To load a file from the google drive in colab, we would need to:

1.   Mount our respective disk space.
2.   Load the file in python



In [None]:
from google.colab import drive
drive.mount('/content/gdrive', force_remount=True)


# Go the folder where you have uploaded the data file. Ideally, go to your google drive, make a folder "Colab Notebooks/LD_Lab_3" and put the rdf file in it.

In [55]:
#Now that we have the colab file and data in place, we will load the file.

# In the lines below, write the code to load a rdf file "Sharknado.rdf" using rdflib.

from rdflib import Graph, plugin
from SPARQLWrapper import SPARQLWrapper
from rdflib.serializer import Serializer

g = Graph()
g.parse("Sharknado.rdf", format="n3")

<Graph identifier=N2475e57fc04c4275abe84f9be20a9e85 (<class 'rdflib.graph.Graph'>)>

In [5]:
# Print all the triples present in the file
for subj, pred, obj in g:
    # check if there is at least one triple in the Graph
    print(str(subj)+" --- "+str(pred)+" ---> "+str(obj))
print("graph has {} statements.".format(len(g)))

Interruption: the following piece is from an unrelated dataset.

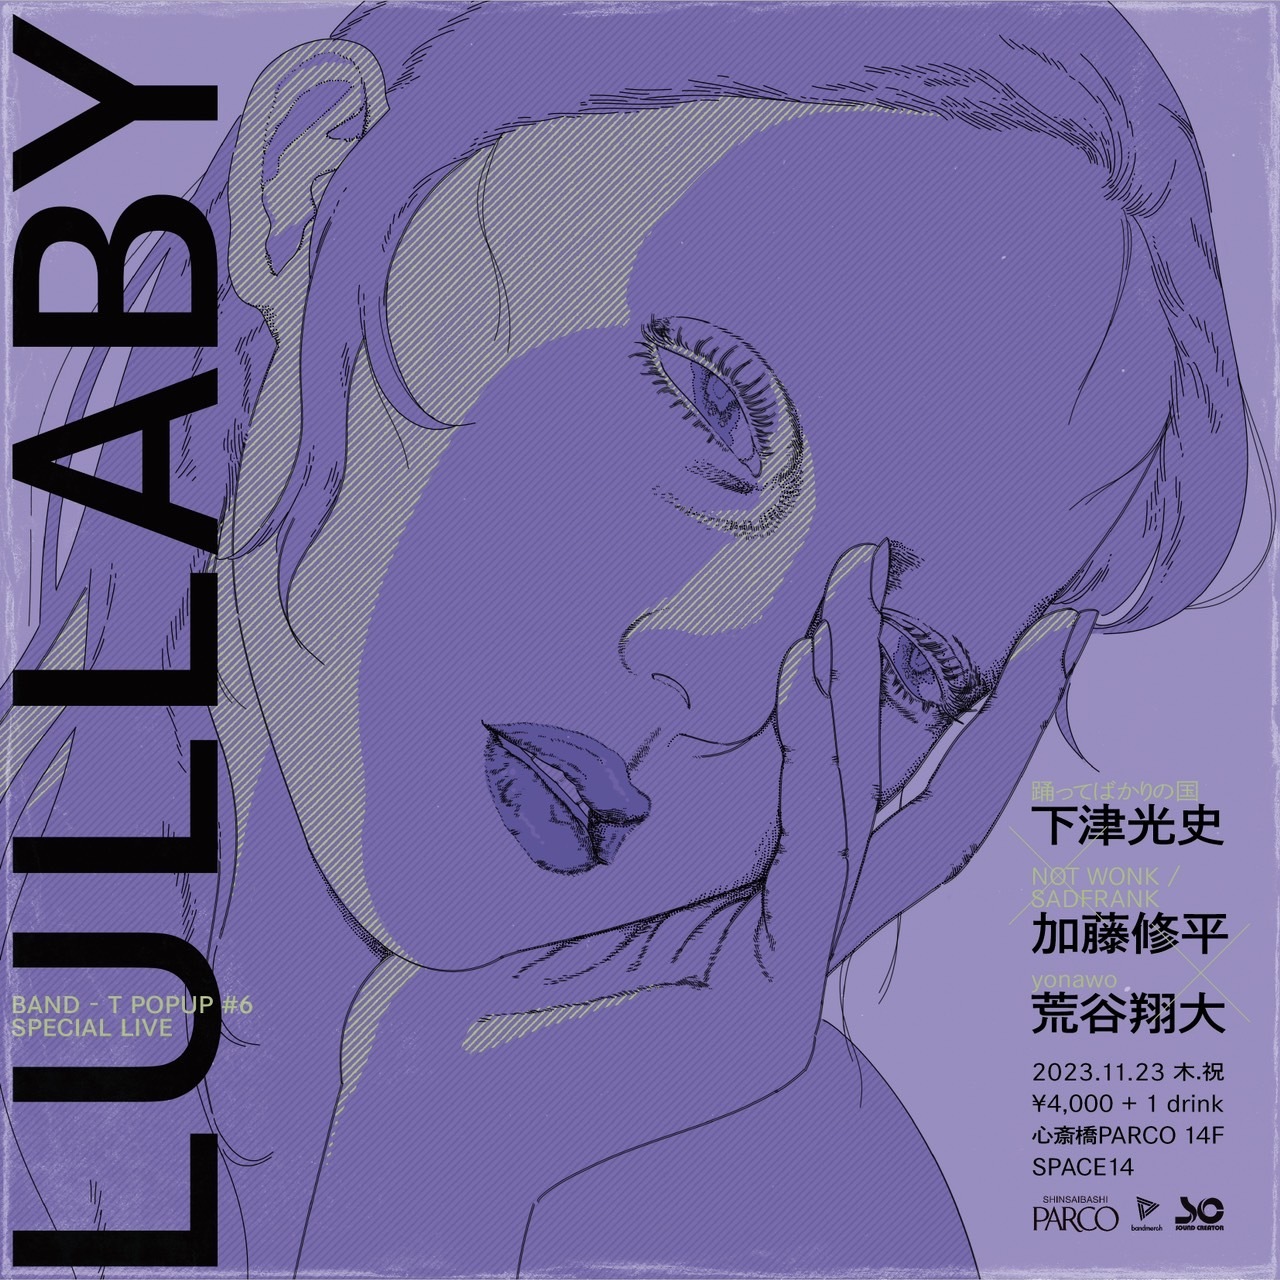 「Lullaby - BAND-T POPUP #6 SPECIAL LIVE」11月23日（木・祝）＠14F・SPACE14

http://ex.org/Sharknado --- http://ex.org/stars ---> http://ex.org/IanZiering
http://ex.org/Sharknado --- http://ex.org/title ---> Sharknado
http://ex.org/Sharknado --- http://ex.org/firstAired ---> 2013-07-11
http://ex.org/Sharknado --- http://ex.org/stars ---> http://ex.org/JohnHeard
http://ex.org/Sharknado --- http://www.w3.org/1999/02/22-rdf-syntax-ns#type ---> http://ex.org/Movie
graph has 5 statements.


In [6]:
# Print the rdf file in turtle format
print(g.serialize(format="turtle"))

# Print the rdf file in Ntriples format
print(g.serialize(format="nt"))

# Print the rdf file in xml format
print(g.serialize(format="xml"))

# Print the rdf file in Json-LD format
print(g.serialize(format="json-ld"))


@prefix ex: <http://ex.org/> .
@prefix xsd: <http://www.w3.org/2001/XMLSchema#> .

ex:Sharknado a ex:Movie ;
    ex:firstAired "2013-07-11"^^xsd:date ;
    ex:stars ex:IanZiering,
        ex:JohnHeard ;
    ex:title "Sharknado"@en .


<http://ex.org/Sharknado> <http://ex.org/stars> <http://ex.org/IanZiering> .
<http://ex.org/Sharknado> <http://ex.org/title> "Sharknado"@en .
<http://ex.org/Sharknado> <http://ex.org/firstAired> "2013-07-11"^^<http://www.w3.org/2001/XMLSchema#date> .
<http://ex.org/Sharknado> <http://ex.org/stars> <http://ex.org/JohnHeard> .
<http://ex.org/Sharknado> <http://www.w3.org/1999/02/22-rdf-syntax-ns#type> <http://ex.org/Movie> .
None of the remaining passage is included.